What I learned shipping a multi-tenant SaaS mostly solo
The architecture calls I'd make again, the ones I'd undo, and why "boring" infrastructure was the best decision I made while building Forzive.
Building a multi-tenant SaaS by yourself is a series of bets against your own future time. Every clever abstraction is a debt you pay down later, alone, usually at 11pm. After taking Forzive from an empty repo to gyms running their whole operation on it, here's what actually held up — and what I'd do differently.
Boring infrastructure was the best decision I made
The temptation, solo, is to reach for the shiniest stack so the work feels modern. I went the other way: one Postgres database, one Next.js app, one deploy. No microservices, no message queues I didn't need, no Kubernetes. When something broke, there was exactly one place to look.

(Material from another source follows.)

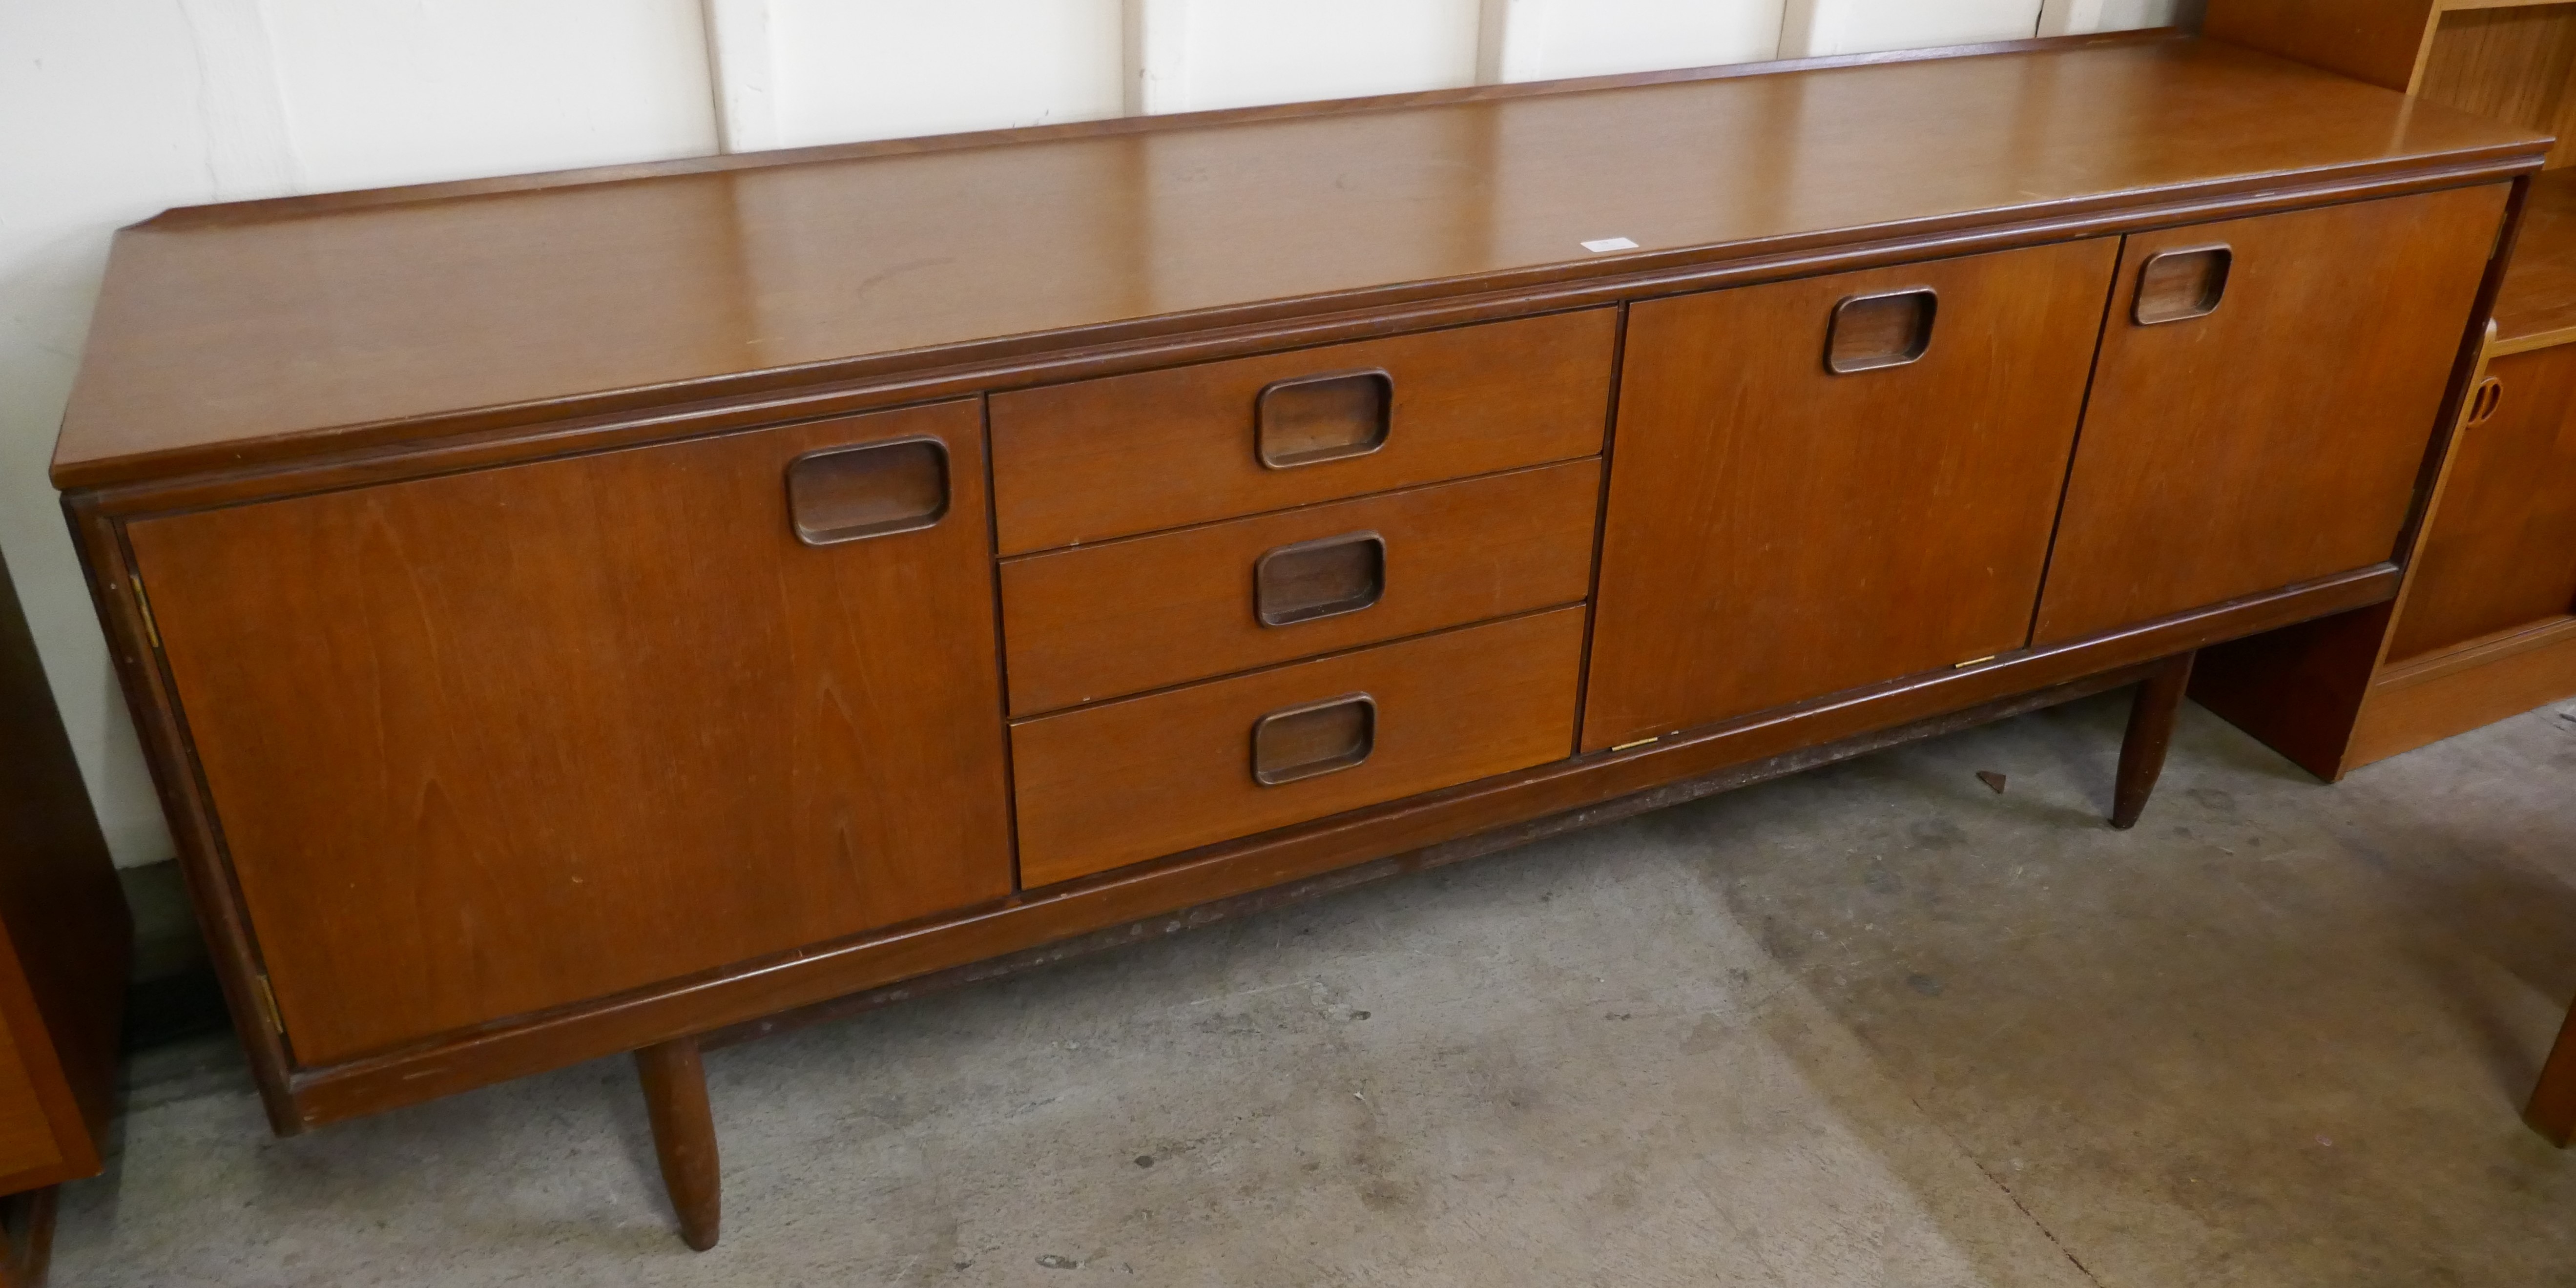 A William Lawrence teak sideboard - Image 2 of 2

Multi-tenancy lives in the data layer, not the architecture. Every tenant is a row-scoped slice of the same database, and a single middleware resolves the tenant from the subdomain. That's it. The "interesting" version with a database per tenant would have buried me in migrations and connection management for zero early benefit.

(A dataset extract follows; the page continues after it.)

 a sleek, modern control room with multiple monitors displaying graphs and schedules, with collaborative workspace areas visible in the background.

Enforce tenant isolation at the data layer, not by discipline
The scariest bug in multi-tenant software is a query that forgets its WHERE tenantId = ?. You cannot rely on remembering it on every call — at some point you won't. I scoped tenancy in one place: a query helper that refuses to run without a tenant context. If isolation is structural, a tired version of you can't leak data across gyms.
Pair that with seed data that contains two tenants from day one. Most cross-tenant leaks hide until a second tenant exists; if your dev database always has two, the bug surfaces while you're building, not after a customer reports it.
What I'd undo
- Premature settings. I made things configurable that every tenant left on the default. Each toggle was UI, storage, and a branch in the logic — for nothing. Ship the opinion; add the setting when a customer asks twice.
- Hand-rolled background jobs. My first version of recurring billing was a cron script with home-grown locking. It mostly worked, which is the worst outcome — it failed rarely and silently. A real job runner from the start would have saved a month of mystery.
- Skipping observability. I added structured logging late. Before that, "is it slow for everyone or one gym?" was unanswerable. The first thing I'd install next time is per-tenant timing.
The meta-lesson
Solo, your scarcest resource isn't compute or money — it's the version of you six months from now who has to understand this code. Every decision is really a decision about that person's time. Boring, structural, two-tenants-in-the-seed boring — that's what keeps them sane.
Build the system you can still operate on your worst day, not the one that looks best on a whiteboard.